Авторов Коллектив - Перо и маузер
Мальчуган с перепугу забился под шинель, висевшую на крючке в углу. Петерис шевелил челюстями.
— Ты сказала «жизнь»! Но я не хочу жить только для себя. Мы, стрелки, мы, солдаты, несем жизнь всем народам России.
— Пустые слова, все равно что: «уж ты потерпи, зато на небесах лучше будет...» — Она вдруг обмякла. Так обмякает бегун, усомнившись, хватит ли сил до цели. — Ну и пускай другие несут жизнь народам, а с тебя хватит. У тебя семья. Да и подло это — гнать на войну тех, у кого дети. Пускай молодые, холостые да вдовые дерутся!
Алвинины глаза наполнились слезами.
— И слушать не хочу! — продолжала она. — Где наш Янит, наш последыш. — Она уже рыдала. — Лежит маль: чонка в песках у Великих Лук. Сыночек, родной мой, отец и не видал тебя, даже ни разу ты ему не улыбнулся.

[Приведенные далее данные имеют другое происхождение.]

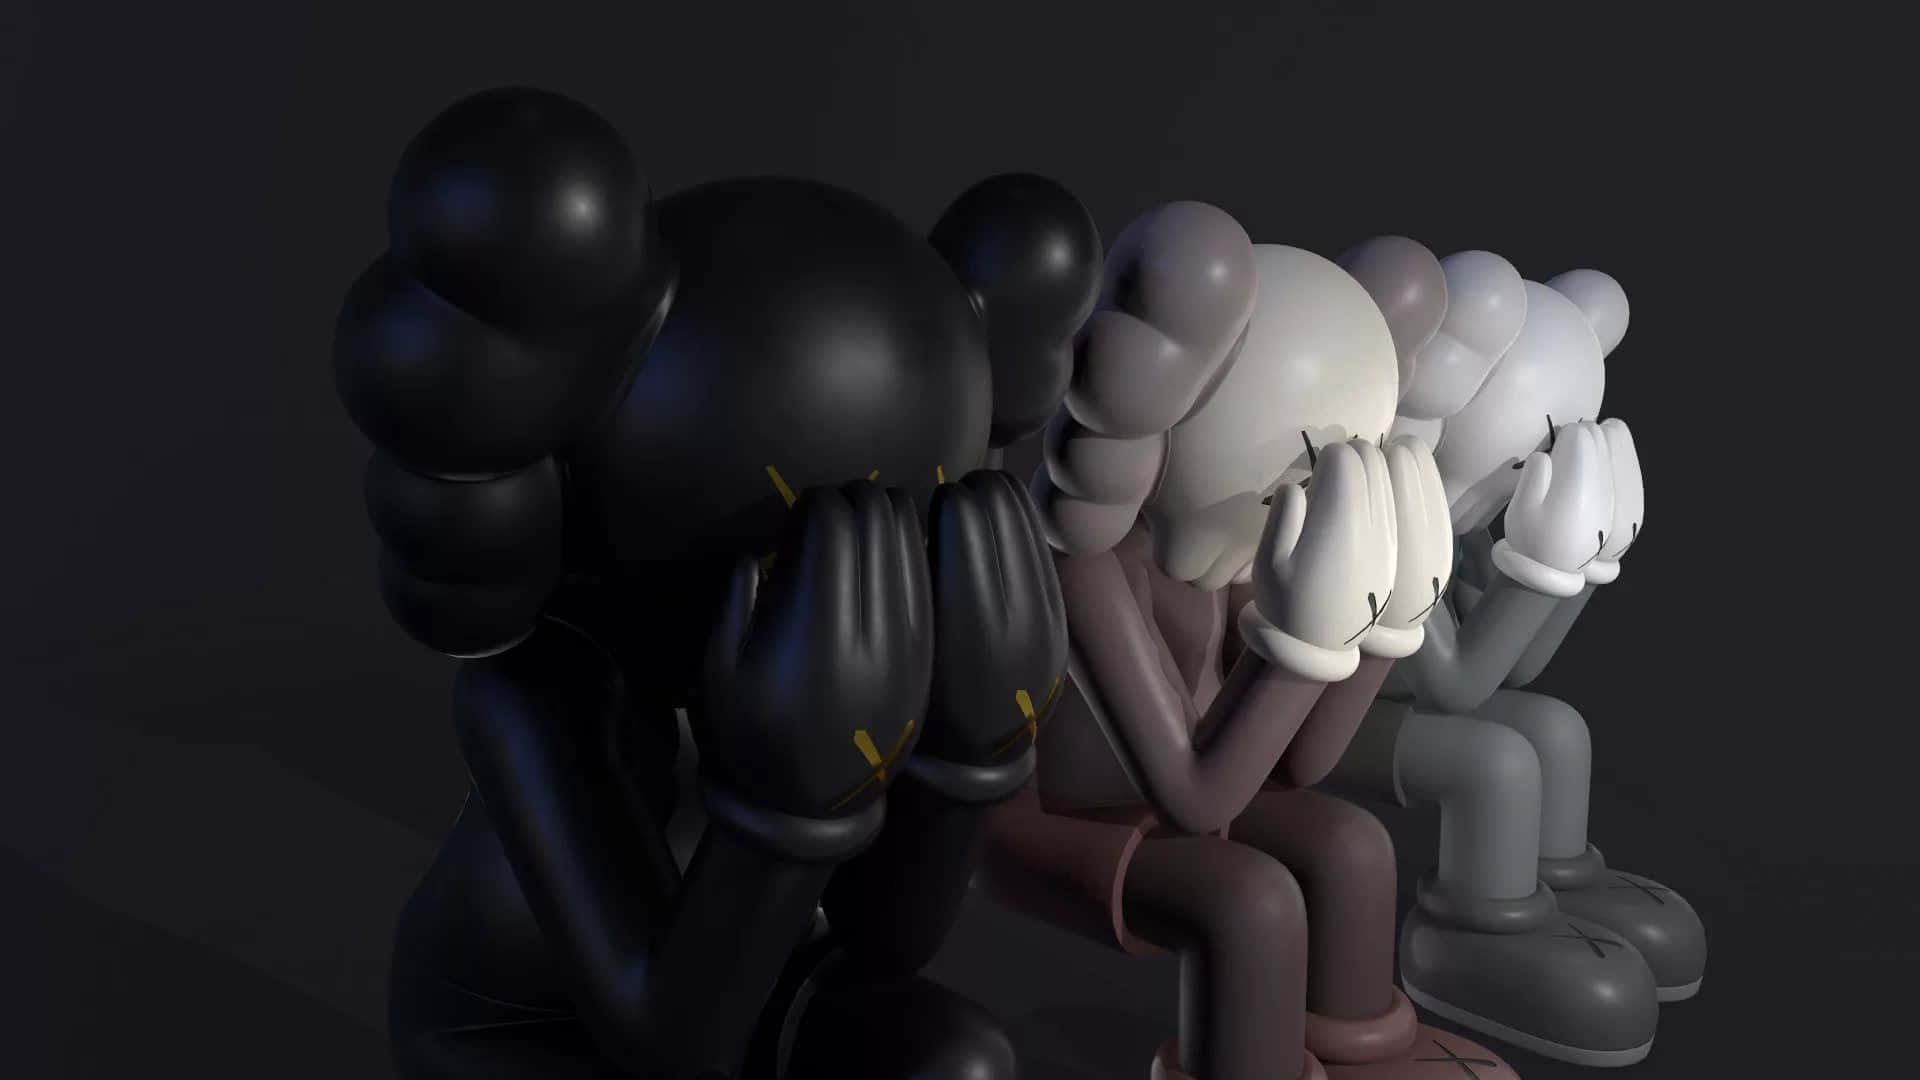 Brighten Up Your Home With A Cool Kaws Print! Wallpaper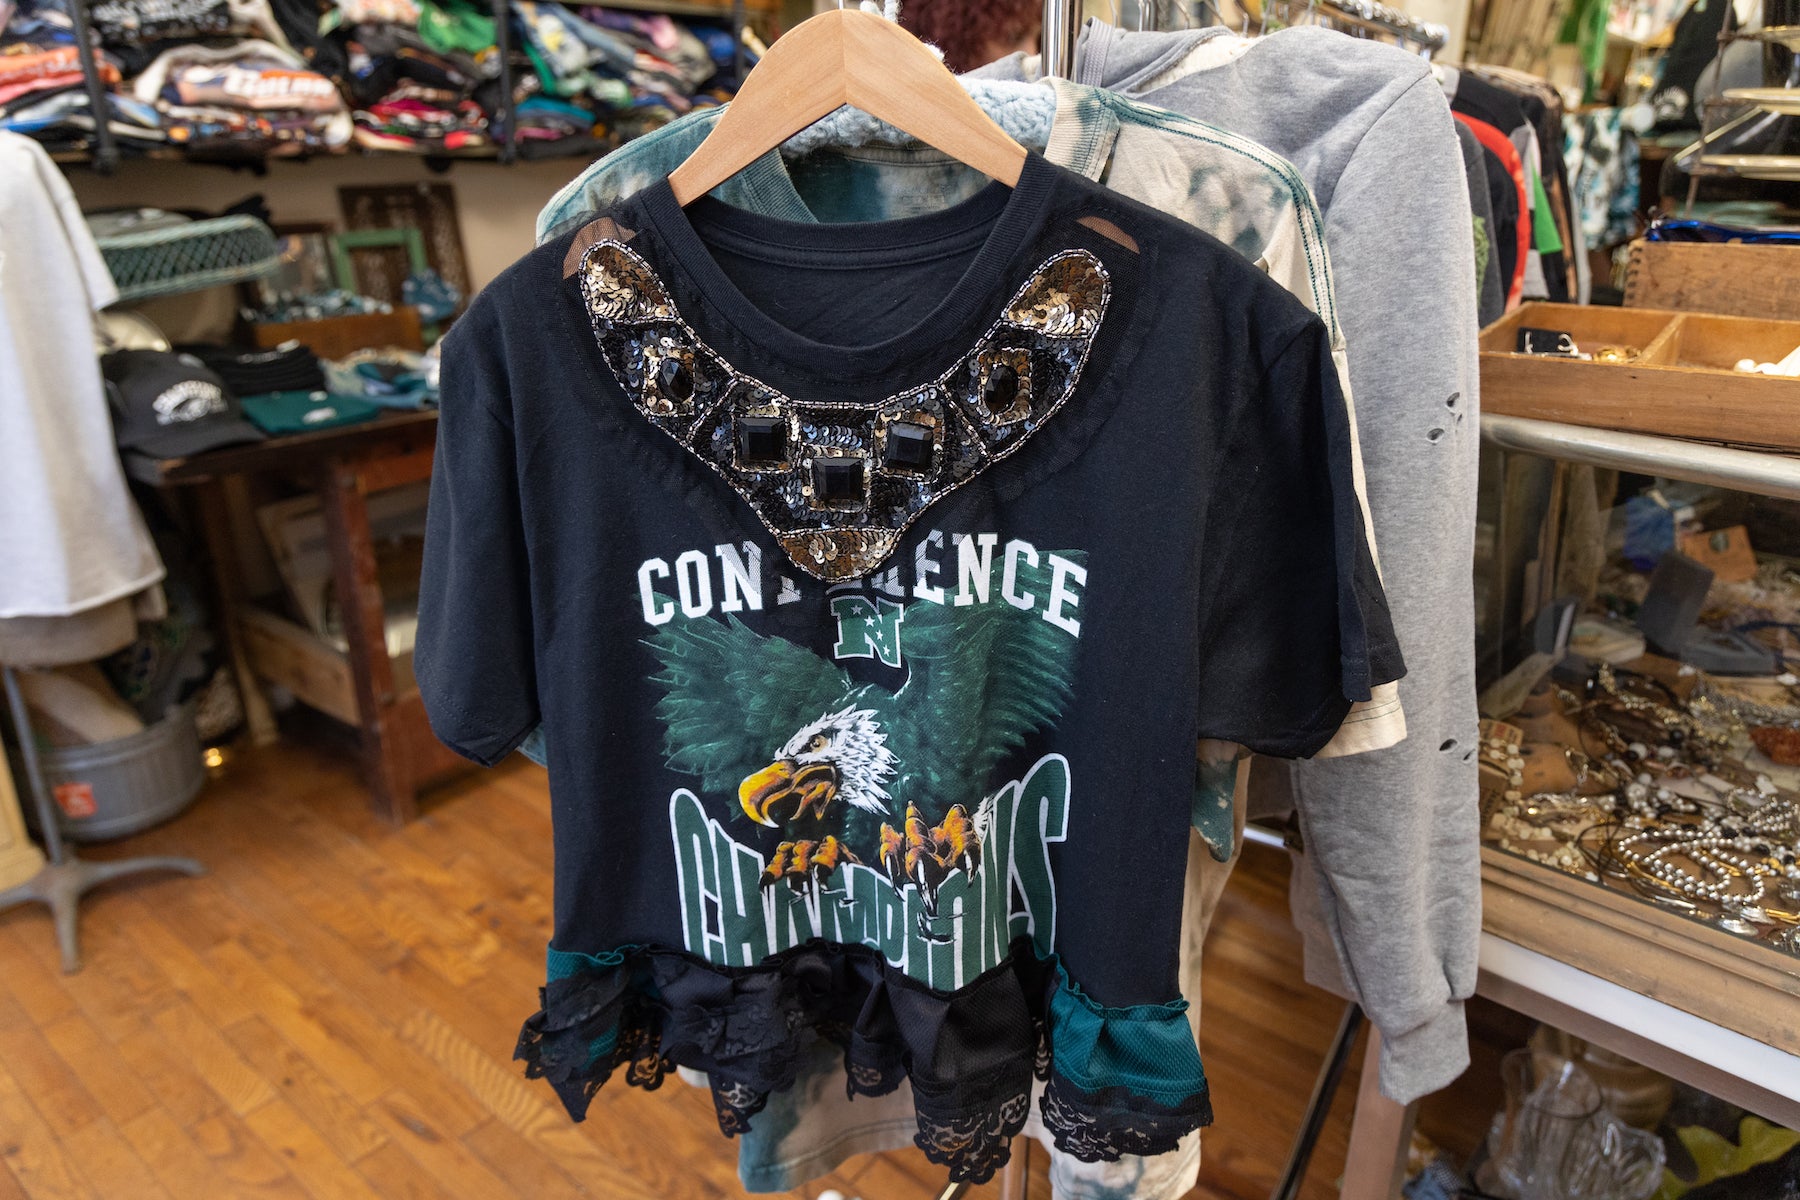 Best places in Philly to get Eagles Super Bowl jerseys, hoodies and other  merch

На фронте, в начале июня, Петерис во время затишья братался с немецкими солдатами. На ничьей земле он встретился с саксонцем Гансом. Петерис знал десятка два немецких слов. А Ганс, побывав в Курляндии, выучил несколько латышских. Хоть и безъязыкие, они потолковали на славу и расстались довольные. Ганс, уползая к своим, пыхтел самокруткой и бормотал «мир», а Петерис закурил сигарету Ганса и сказал «фриден». Враги поняли друг друга, а вот жене не понять...
На фронте солдат Лапинь был сторожек, как охотник. В разведке улавливал малейший шорох, скрип, треск. Но теперь Петерис ничего не слышал и не видел. Не заметил, как жена вытащила из-под шинели спрятавшегося там Пе-циса и поволокла его к столу. Не догадывался он, что вот-вот жена и ребенок упадут перед ним на колени, будут плакать, умолять, колотиться головой об пол.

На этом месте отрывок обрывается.